**Brief**
What follows is a listing to transcribe exactly, leaving the pictures out.

**Data extract**
- Opening Delimiter -
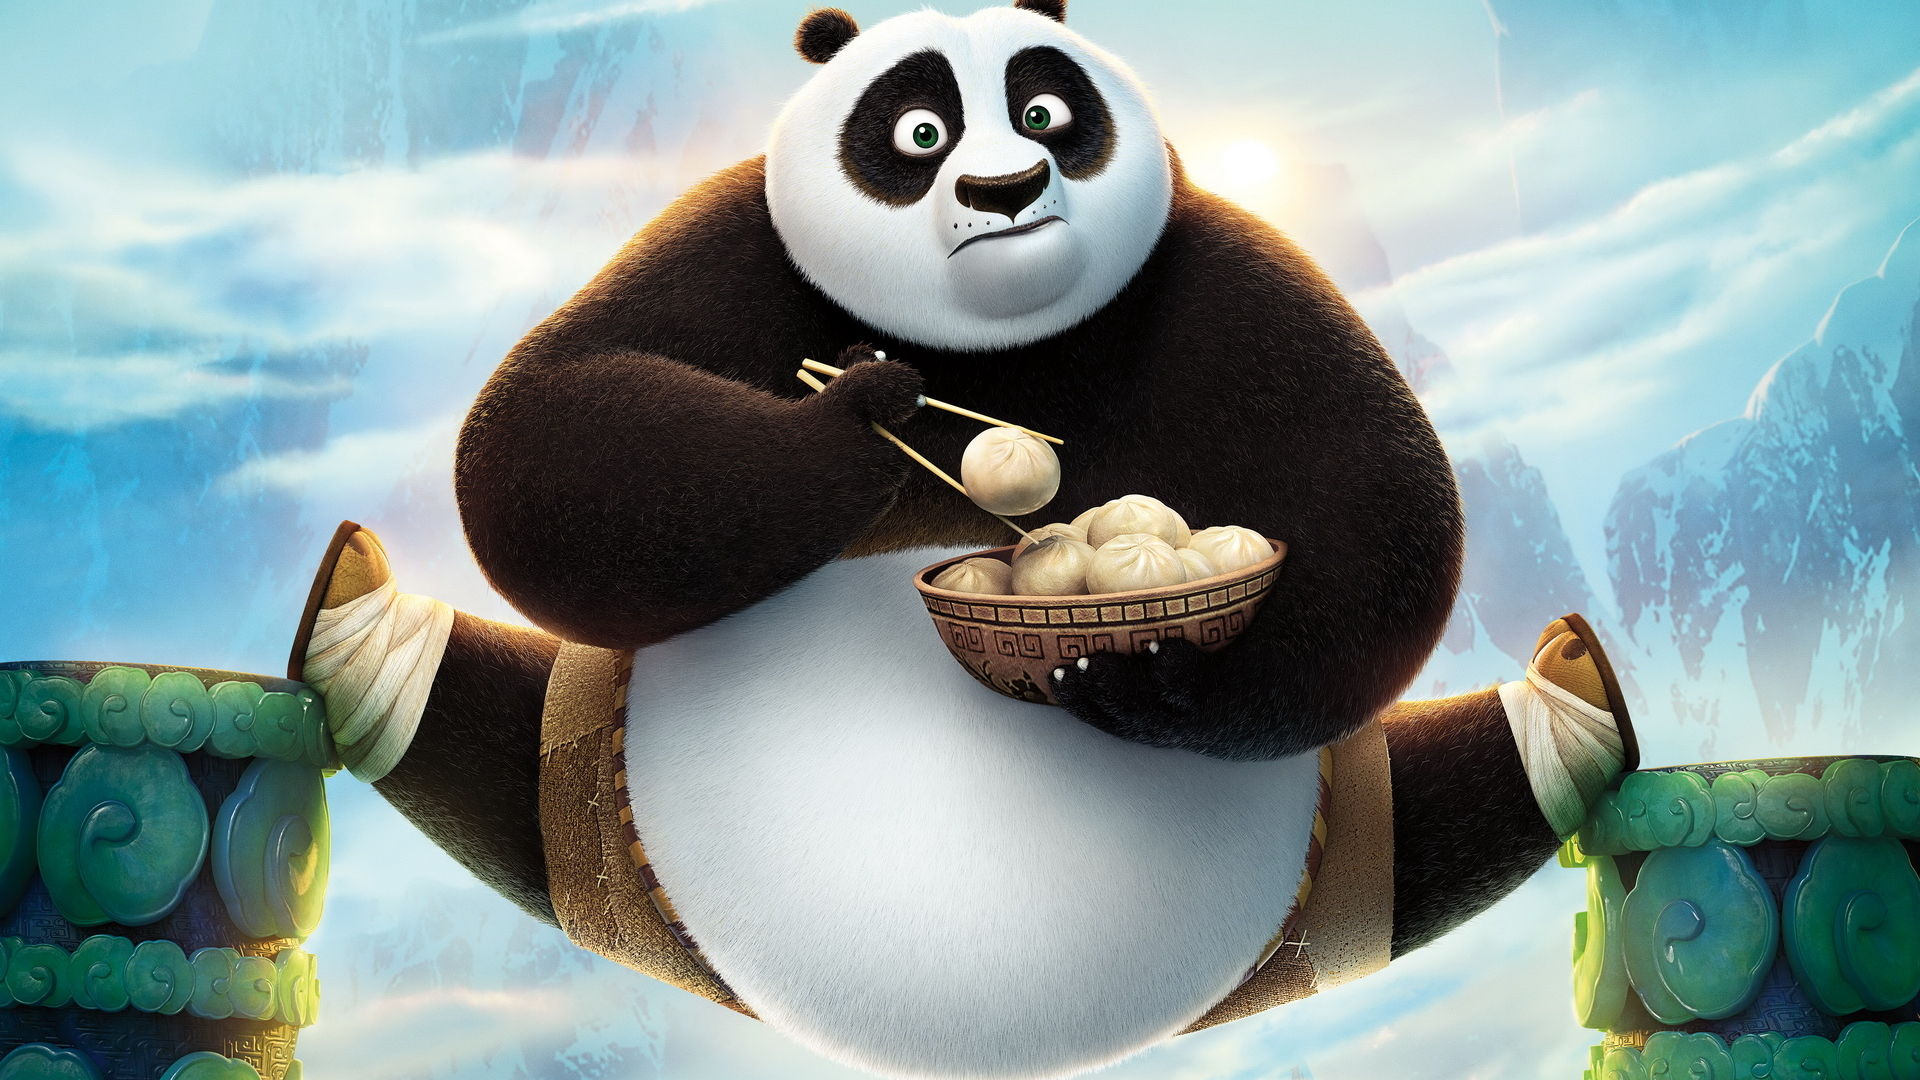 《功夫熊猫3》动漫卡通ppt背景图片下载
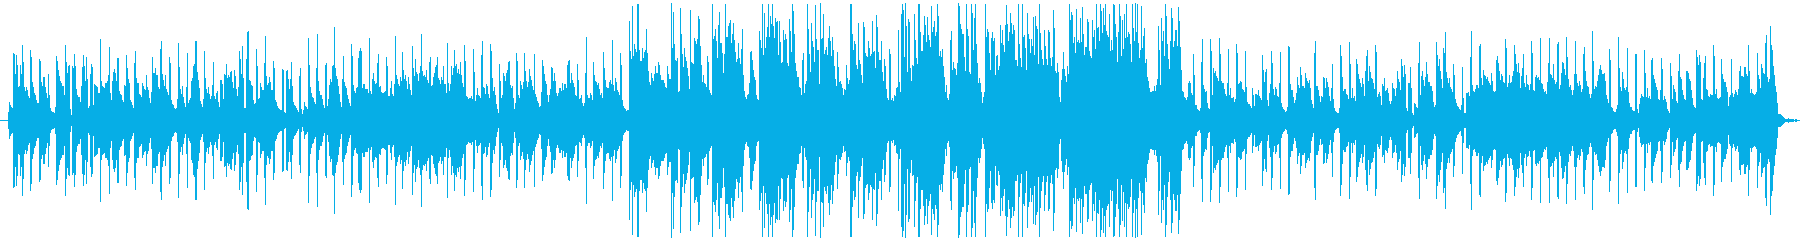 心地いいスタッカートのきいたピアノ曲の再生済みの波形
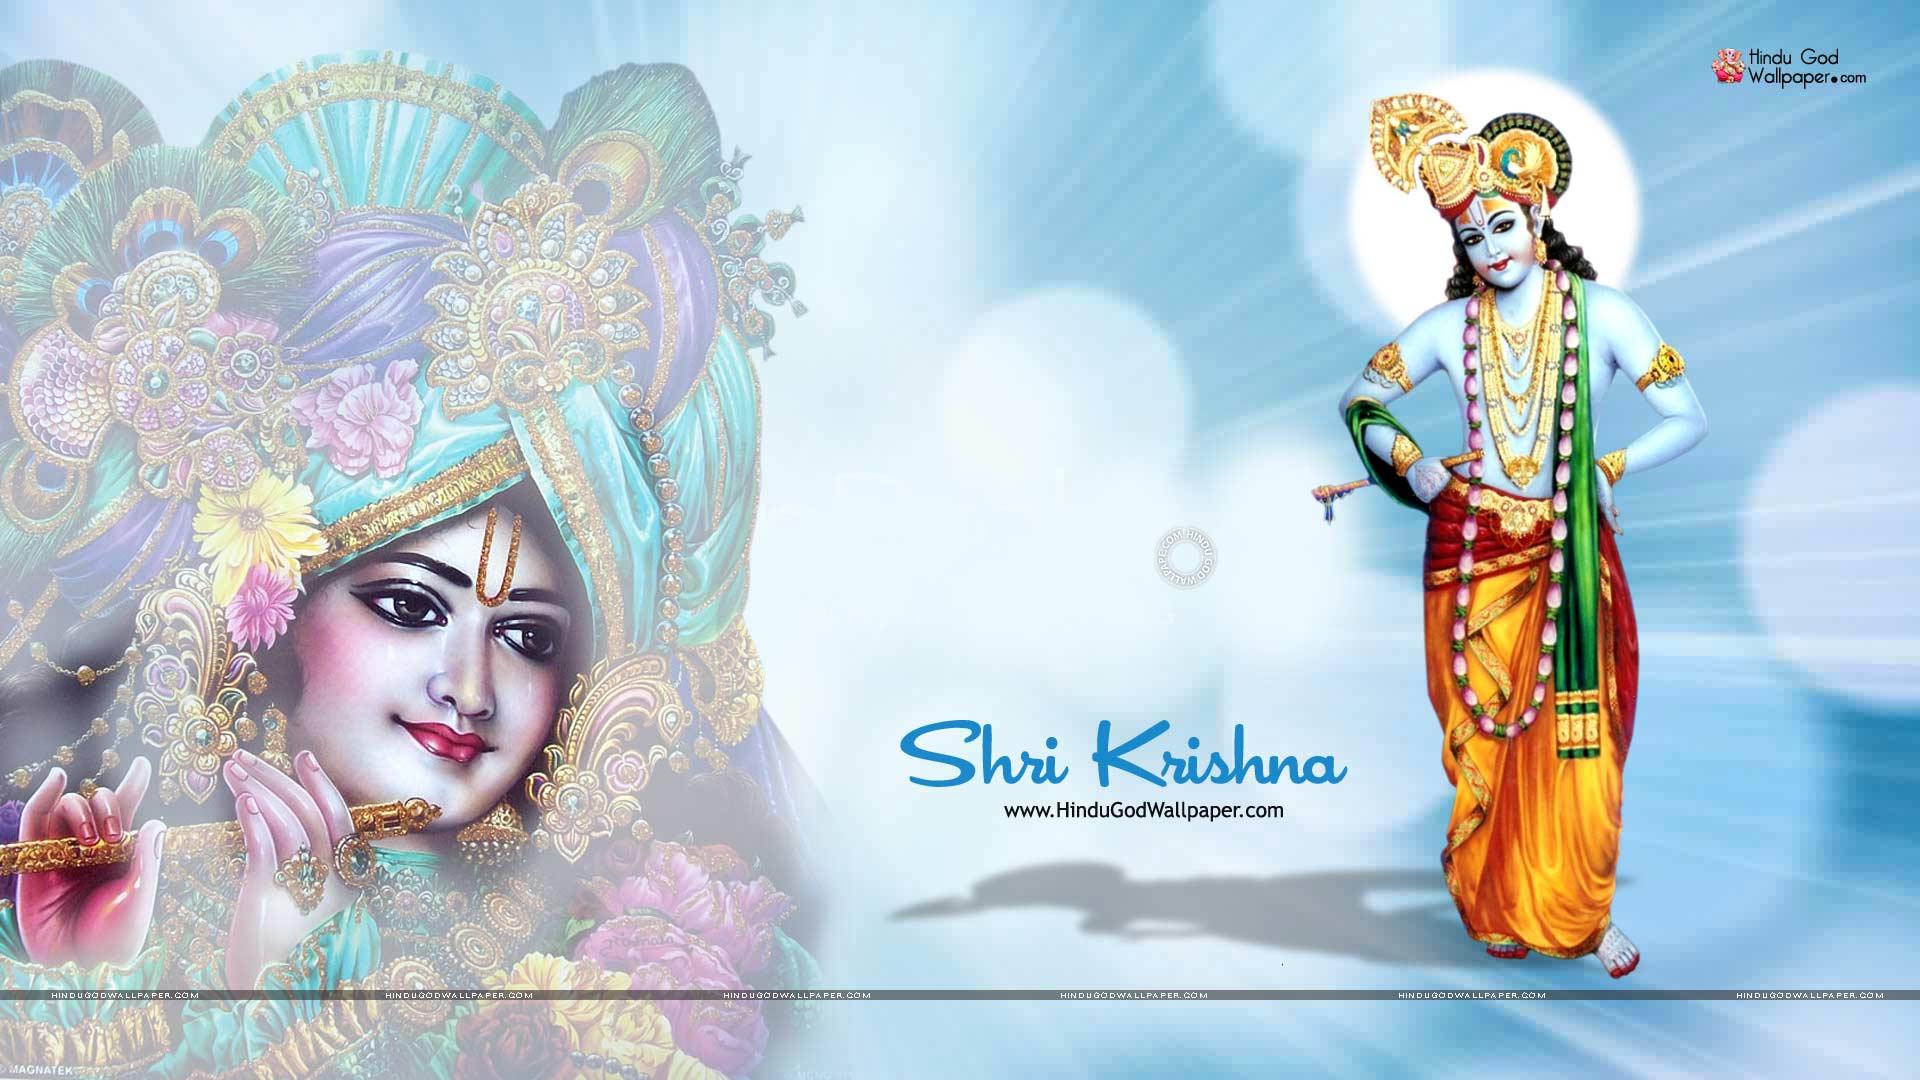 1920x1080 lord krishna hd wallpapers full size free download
- Closing Delimiter -
**Your solution**
 《功夫熊猫3》动漫卡通ppt背景图片下载
 心地いいスタッカートのきいたピアノ曲の再生済みの波形
 1920x1080 lord krishna hd wallpapers full size free download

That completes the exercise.